The National Conservation Exposition was an exposition held in Knoxville, Tennessee, United States, between September 1, 1913, and November 1, 1913. The exposition celebrated the cause of bringing national attention to conservation activities, especially in the Southeastern United States. The fair was held in what is now Knoxville's Chilhowee Park in East Knoxville.

==History==
Inspired by the successes of Knoxville's Appalachian Expositions of 1910 and 1911, civic leaders sought to bring greater national exposure to the community with a third exhibition in 1913. At its 1912 convention, the National Conservation Congress endorsed Knoxville as the conservation fair site, and the National Conservation Exposition Company was established. The Tennessee state legislature appropriated $25,000 for the Exposition with the passage of the Senate Bill #1, Chapter 19, of the general appropriation bill during the 58th General Assembly, but the state comptroller opposed the funding on the grounds that it was unconstitutional, and state courts agreed. Various East Tennessee counties and private donors then stepped in to provide the necessary funding. Additional federal funding was secured for the fair by May 1913. Knoxville attorney T. Asbury Wright (1866-1923) served as President of the Exposition.

The Exposition opened on Labor Day; September 1, 1913. President Woodrow Wilson addressed visitors via wireless transmission, and Governor Ben W. Hooper and Mayor Samuel G. Heiskell delivered speeches.

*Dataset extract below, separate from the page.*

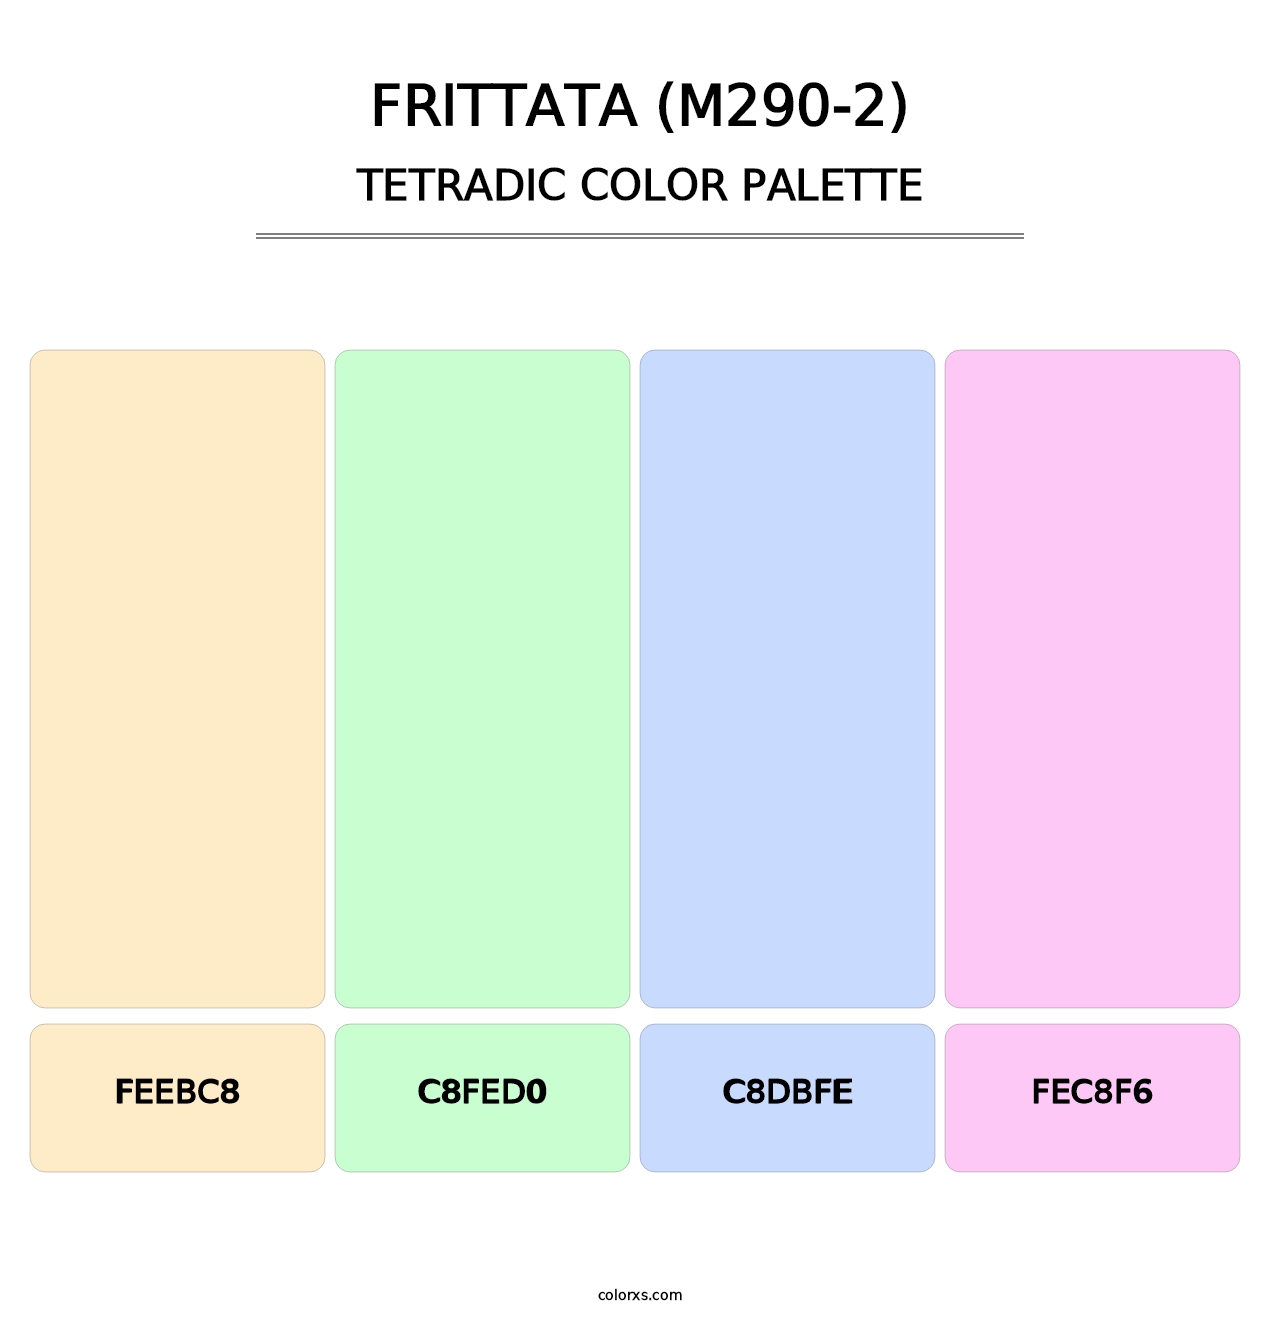 Frittata (M290-2) - Tetradic Color Palette

Although a national exhibition, it primarily focused on the natural resources of the South. The two-month exhibition drew over one million visitors. Nine major and six smaller buildings were constructed on-site to house its exhibits and demonstrations, including the Southern States Building, designed by local architect Charles I. Barber, and the Negro Building, designed and built by Knoxville College faculty and students. Among the visitors were Booker T. Washington, Helen Keller, William Jennings Bryan, Gifford Pinchot, and the Catholic Archbishop of Baltimore, Cardinal Gibbons. The content of the fair was mostly entertainment such as a mock coal mine explosion, moving pictures and John Robinson's "Herd of Trained Elephants". The conservation exhibits talked of progressive topics such as peak coal, the loss of topsoil due to poor farming techniques, and the value of wildlife. Several Knoxville citizens involved in the Exposition would later play a part in the creation of the nearby Great Smoky Mountains National Park.

Local painters Lloyd Branson, Adelia Armstrong Lutz, and Charles Krutch were among the artists who exhibited at the fair. Catherine Wiley, another local painter, served as Chairman of the Art Committee. Noted local photographer Jim Thompson provided much of the Exposition's promotional photography.

On September 11, 1913, a debate on women's suffrage took place at the Exposition, with Lizzie Crozier French delivering the pro-suffrage argument, and Annie Riley Hale delivering the anti-suffrage argument.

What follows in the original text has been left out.